This concept was vigorously rejected in the Western tradition in favour of the ideas of the more influential Greek philosopher Aristotle in the 3rd century BCE. Aristotle proposed instead that life must arise from non-living inorganic matter whenever the right conditions prevailed, and he cited many instances that were incorrectly regarded as supportive evidence, the most graphic being the statement of “fireflies emerging from a mixture of warm earth and morning dew”. Over a millennium and a half later Saint Thomas Aquinas (1225-1272) essentially co-opted Aristotelian philosophy into church doctrine, so that dissent from any component of it thereafter was effectively construed as heresy. The Aristotlean doctrine of “Spontaneous Generation” was transformed into “Abiogenesis” in modern terms and continues to dominate Western science almost to the present day.
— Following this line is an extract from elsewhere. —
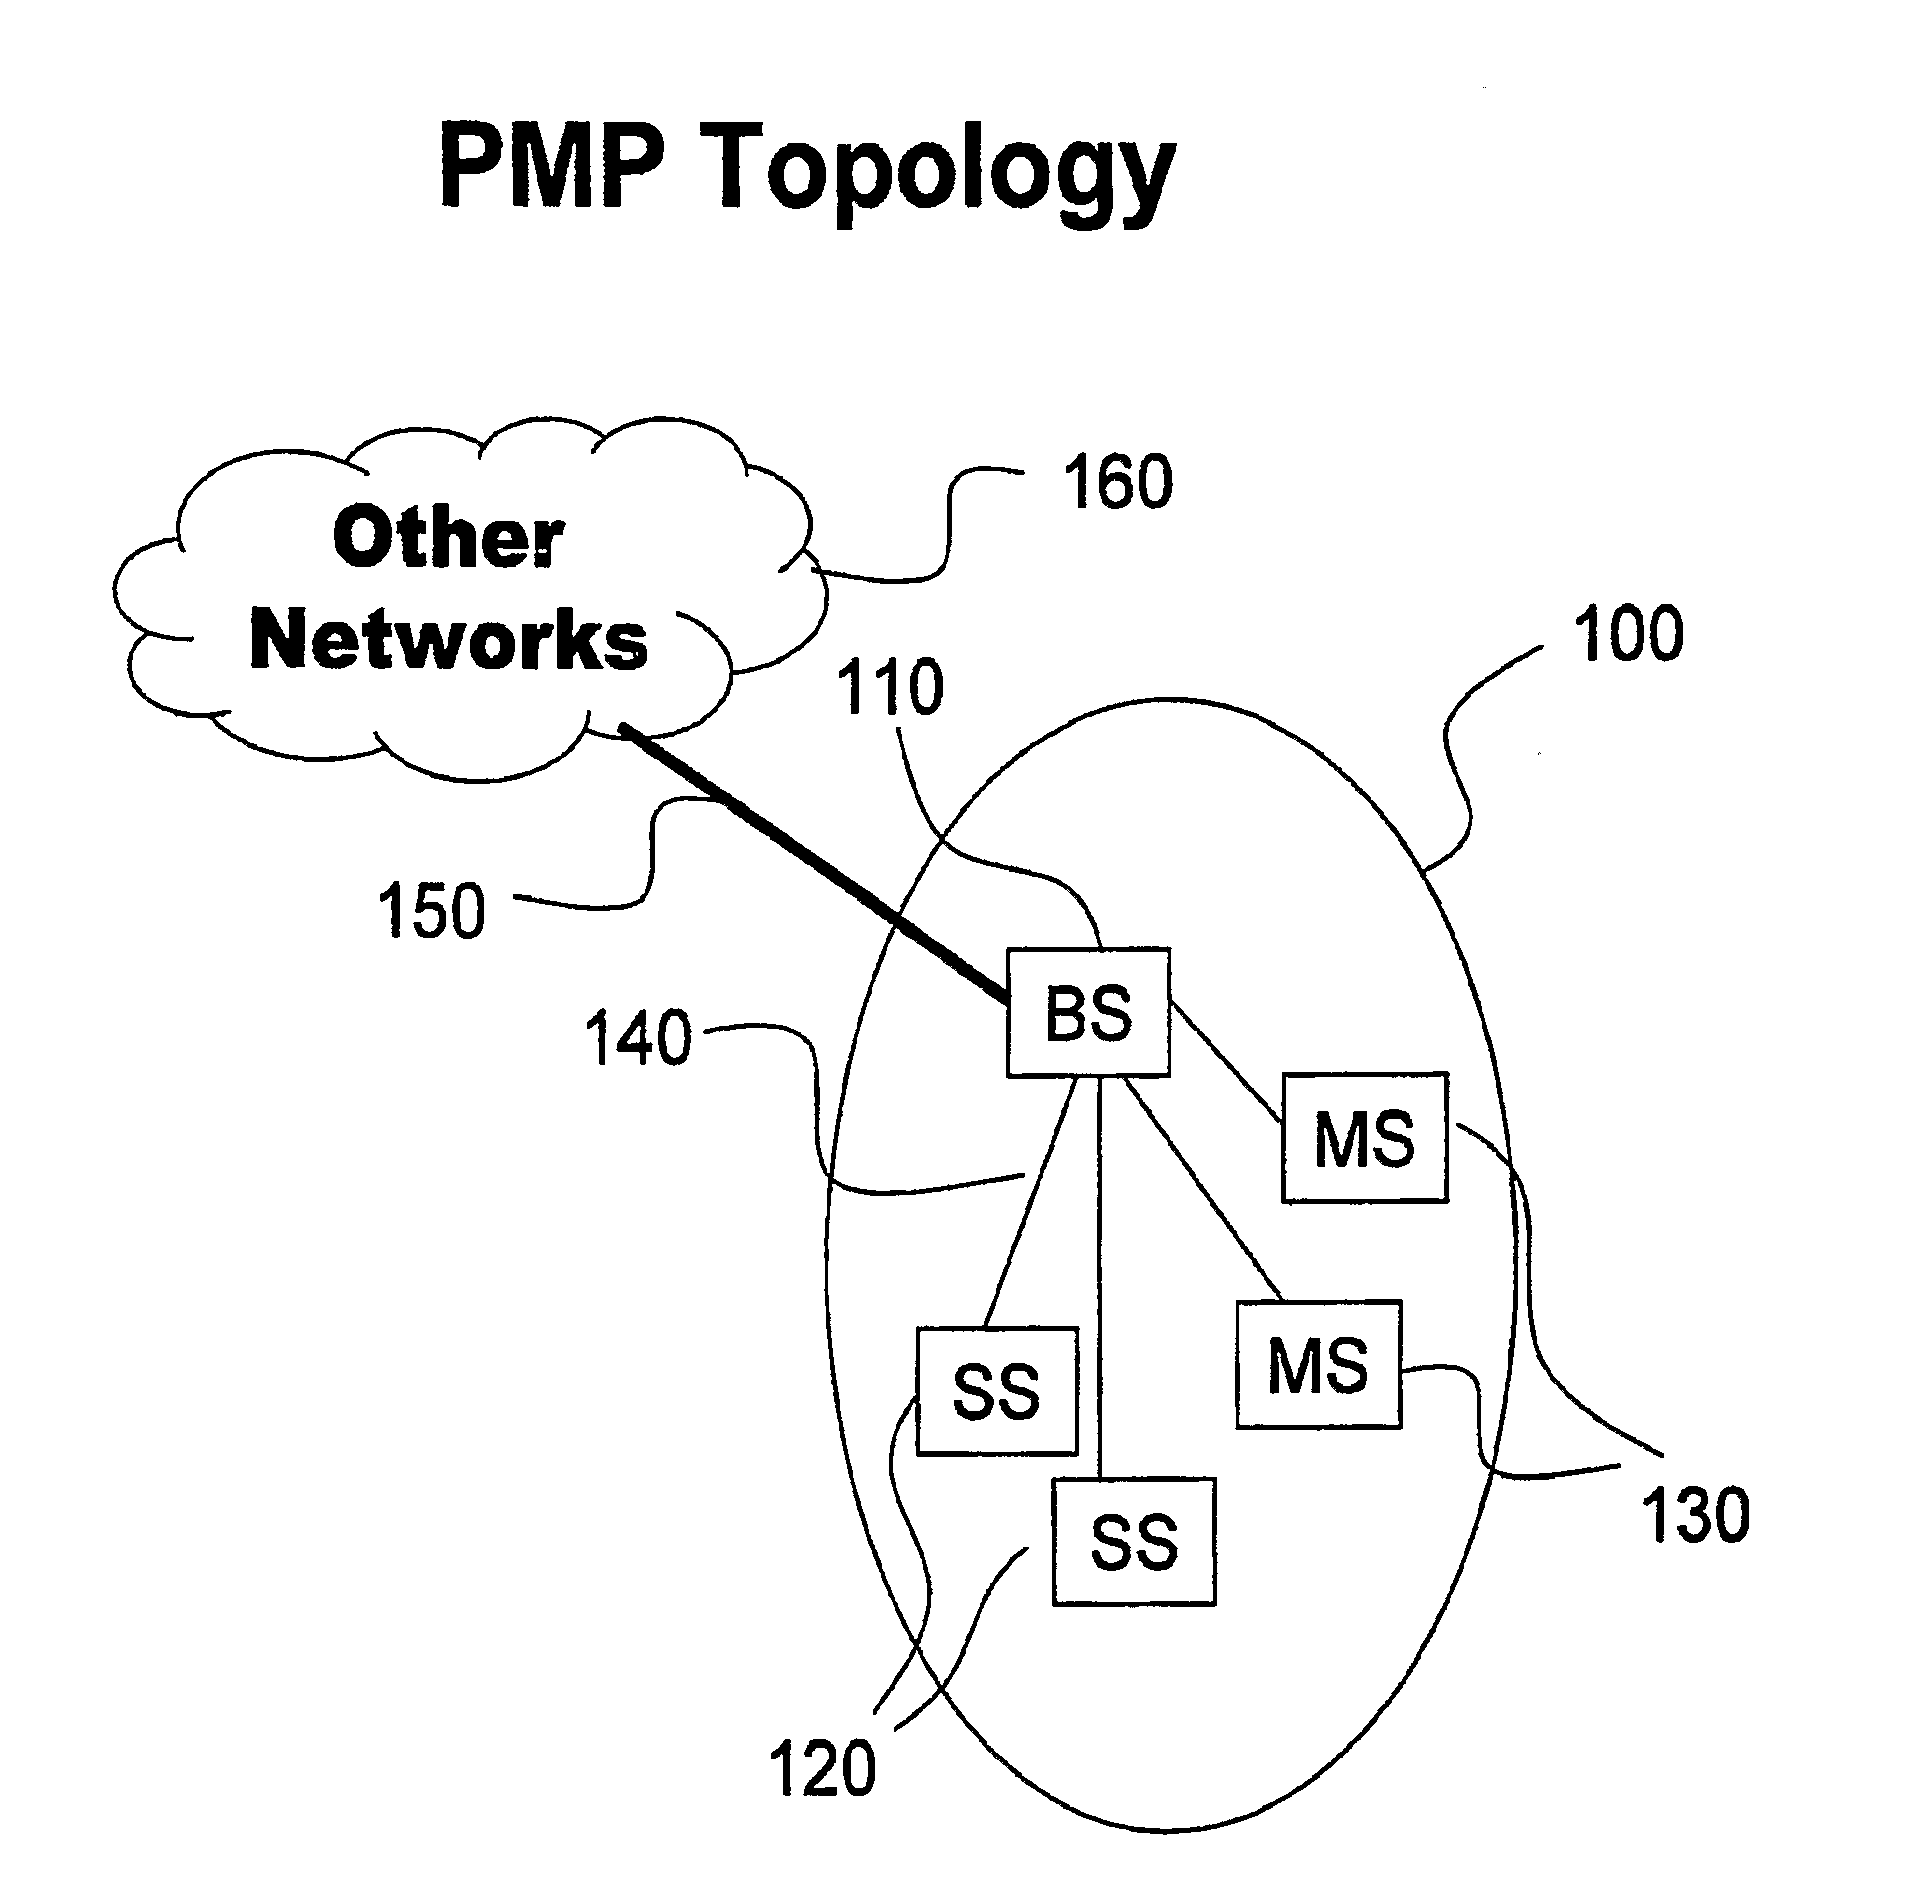 Supporting mobile ad-hoc network (Manet ) and point to multi-point (pmp) communications among nodes in a wireless network

Attempts to re-examine panspermia in the West began in earnest with the French biologist Louis Pasteur in the early 1860’s. Pasteur showed in the laboratory what was already known for larger visible life forms – that life is always derived from pre-existing life of a similar kind. This casual chain of events – life-from-life – is true not only for lifeforms existing today but it is also true throughout the entire record of fossilised life on the Earth. The question that next arises is: when and where this connection cease to operate. The answer could be never – so this then naturally leads to panspermia.
Following the experiments of Pasteur, panspermia came at last to be championed by many contemporary physicists in the late 19th century.
Lord Kelvin declared: “Dead matter cannot become living without coming under the influence of matter previously alive. This seems to me to be as sure a teaching of science as the law of gravitation….”
And the German physicist Herman von Helmholtz wrote in 1874:
“It appears to me a fully correct scientific procedure, if all our attempts fail to cause the production of organisms from non-living matter, to raise the question whether life has ever arisen, whether seeds have not been carried from one planet to another…”.
A similar position was also championed a few years later by the Nobel prize-winning Chemist Svante Arrhenius in his 1908 book Worlds in the Making. But all this enthusiasm was transient. On the basis of poorly designed experiments concerning limits to the viability of microbes in space, the situation soon reverted, and spontaneous generation and abiogenesis came back into vogue.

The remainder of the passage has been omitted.